* YOUR INSTRUCTIONS: Output, word for word, the lines of this listing that fall between the line with "Agriturismo Emilia Romagna" and the line with "Who would have", counting both of those lines, and no others.

* DATA FOR THIS EXERCISE:
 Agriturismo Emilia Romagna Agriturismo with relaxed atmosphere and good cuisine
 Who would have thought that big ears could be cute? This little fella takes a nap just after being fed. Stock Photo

--

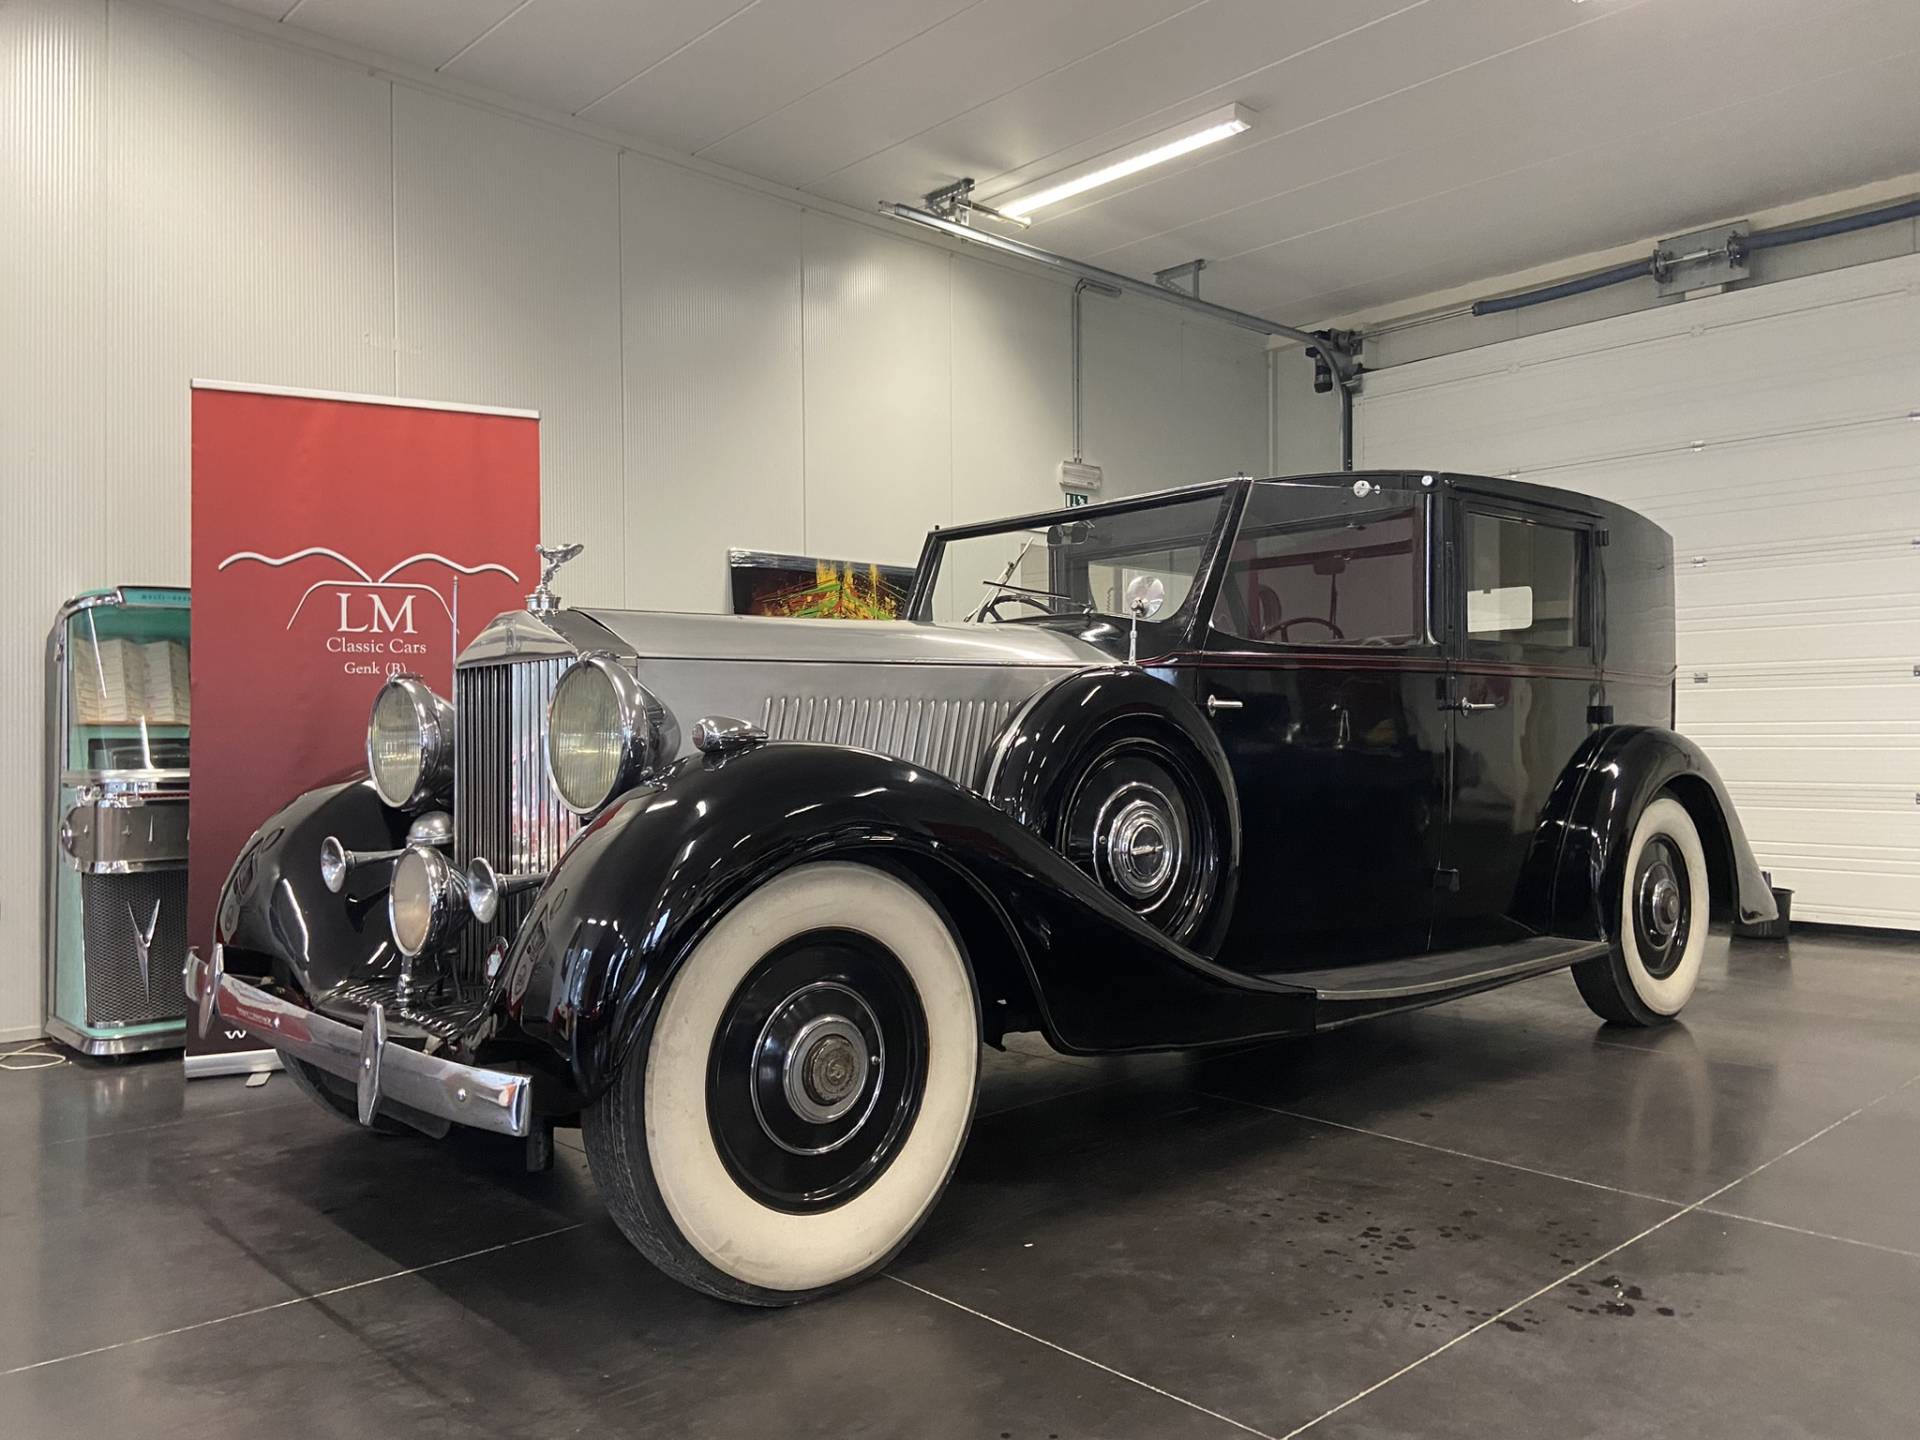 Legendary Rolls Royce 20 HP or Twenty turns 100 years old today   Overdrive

* ANSWER BOX:
 Agriturismo Emilia Romagna Agriturismo with relaxed atmosphere and good cuisine
 Who would have thought that big ears could be cute? This little fella takes a nap just after being fed. Stock Photo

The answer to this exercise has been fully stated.